Brian Armstrong, chief executive of Coinbase, an online platform for buying and selling crypto that helped launch Stand With Crypto last August, said the group’s rapid growth showed the potential voting power of cryptocurrency users.
“It’s a much bigger voting bloc than most people probably would have anticipated,” Armstrong told Reuters.
The cryptocurrency industry is spending tens of millions of dollars in U.S. elections this year to boost crypto-friendly candidates and defeat those pushing for more regulation.
Coinbase on Monday announced a $25 million donation to the pro-crypto political action committee Fairshake, matching recent contributions from crypto payments company Ripple and tech-focused venture capital firm Andreessen Horowitz.
Stand with Crypto has targeted voters in swing states and now has nearly 24,000 members in Georgia, where Democratic President Joe Biden beat Republican Donald Trump in 2020 by 11,779 votes, and over 16,000 members in Arizona, where Biden won by just over 10,000 votes.
Armstrong said a surge in the group’s membership was fueled by frustration over Biden’s May 31 veto of a measure that aimed to overturn the Securities and Exchange Commission’s accounting bulletin on crypto assets, and by strong support for the Republican-sponsored bill that would create a new legal framework for digital currencies.

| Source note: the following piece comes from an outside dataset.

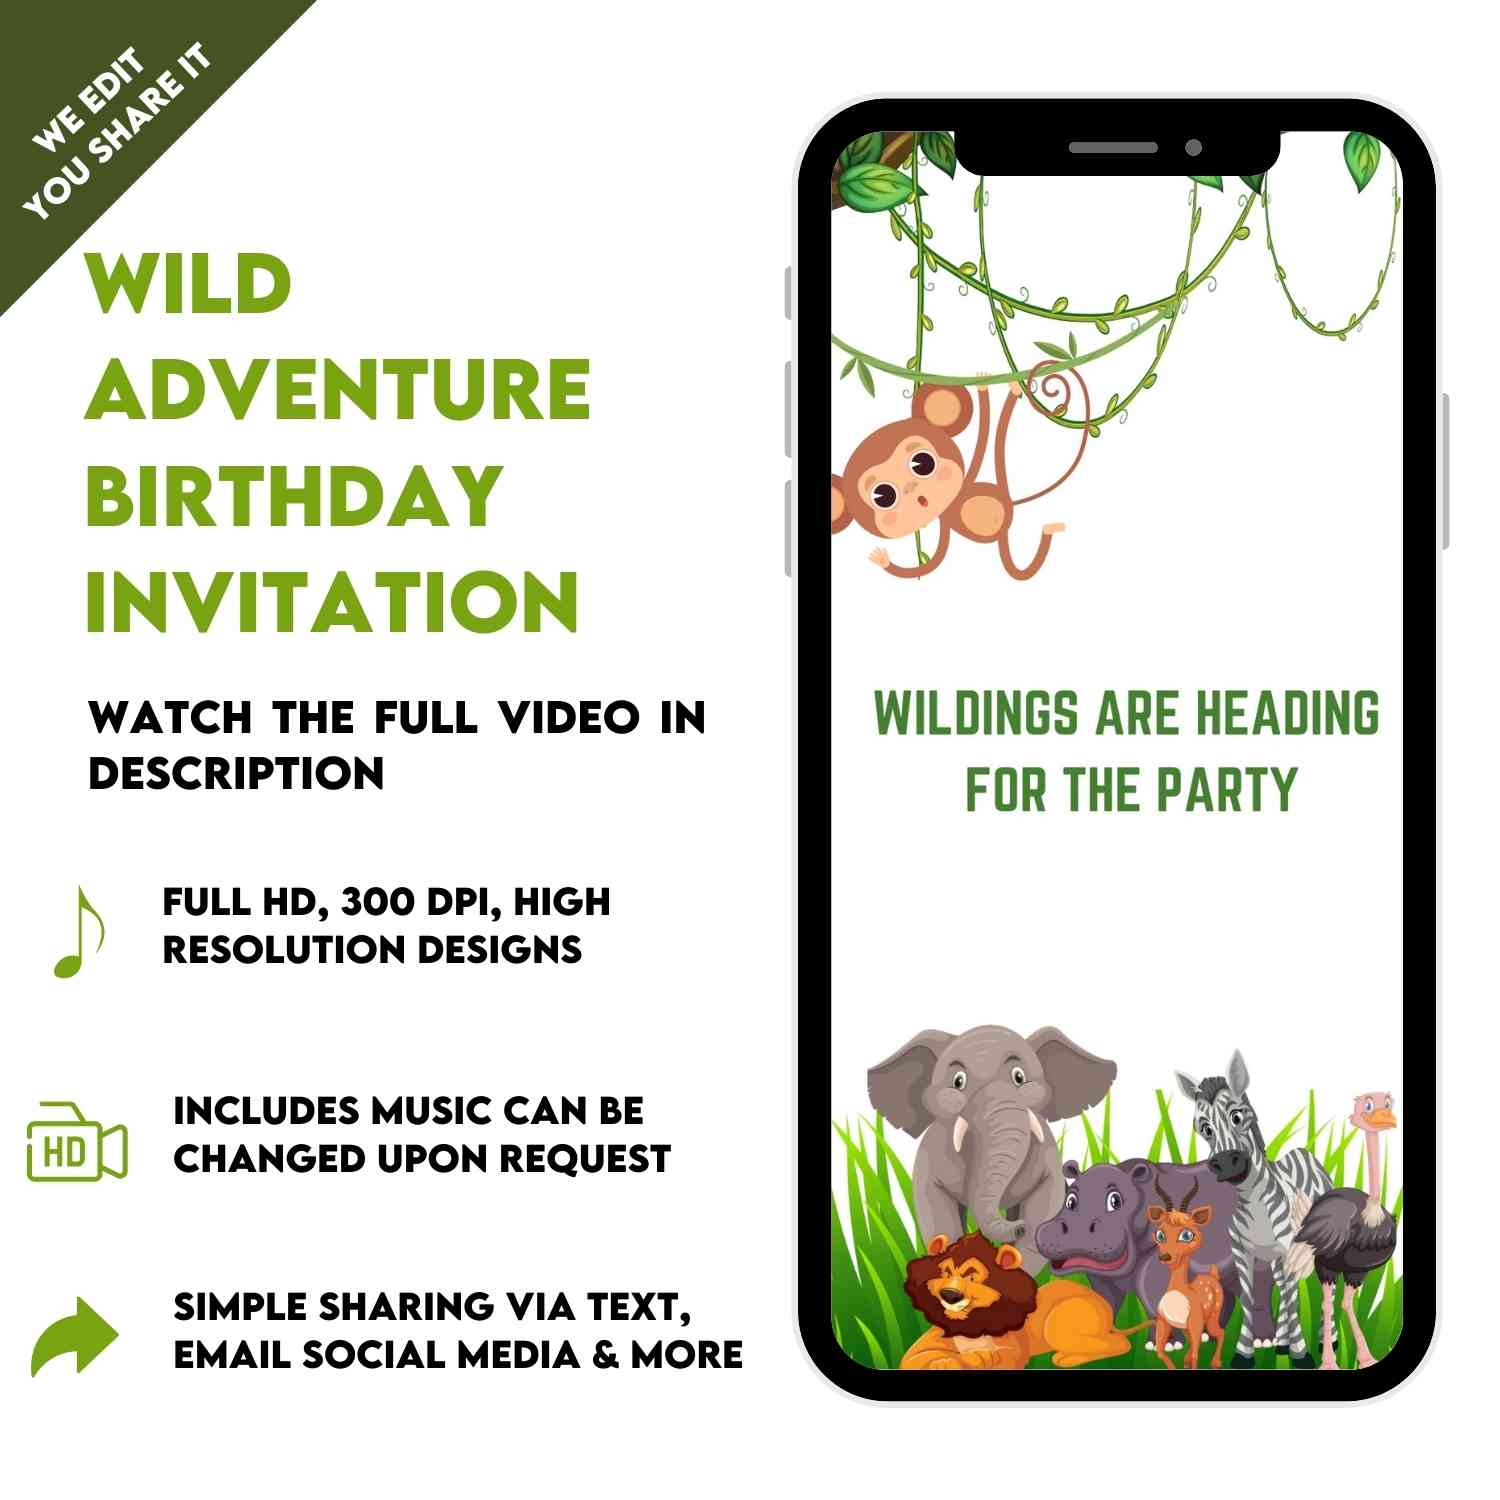 Wild Adventure Birthday: Jungle Safari Video Invitation

The Republican-led House of Representatives passed the so-called Financial Innovation and Technology for the 21st Century Act last month with bipartisan support although the White House has said it opposes it. SEC Chair Gary Gensler has warned the bill could create new risks for investors and markets.
Coinbase officials have met with White House and Biden administration officials over the past several months on the issues, a source with the matter said.

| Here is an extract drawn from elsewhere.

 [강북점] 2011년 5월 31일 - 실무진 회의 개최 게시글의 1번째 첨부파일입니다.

Armstrong said he was not backing a presidential candidate because he felt crypto issues should be bipartisan to ensure passage of needed legislation.
But he said Biden’s veto last week was clearly “a bad political move” given broad bipartisan support for the measure.
“I think that it’s just bad politics to be anti-crypto. There’s no voter constituency that you’re winning over by doing that, but you are upsetting a huge number of Americans who’ve used this technology,” he said.
Coinbase estimates that 52 million Americans have used cryptocurrencies, representing roughly one in five Democrats, Republicans or independent voters, Armstrong said. Many were frustrated that the rules for the industry weren’t clear.
“They’re looking to elect representatives that are aligned with their values,” he said. He said it was unclear if people in the rapidly growing “voter bloc” would cast their votes in the November presidential election on the basis of digital asset issues, but that a subset certainly could.
The White House and the Biden campaign declined to comment.
Biden’s campaign has stepped up its outreach to the industry and cryptocurrency users in recent weeks, a source familiar with the matter said.
Trump’s campaign announced last month that it would accept donations in crypto. Biden’s campaign had no immediate comment on whether it was accepting such donations.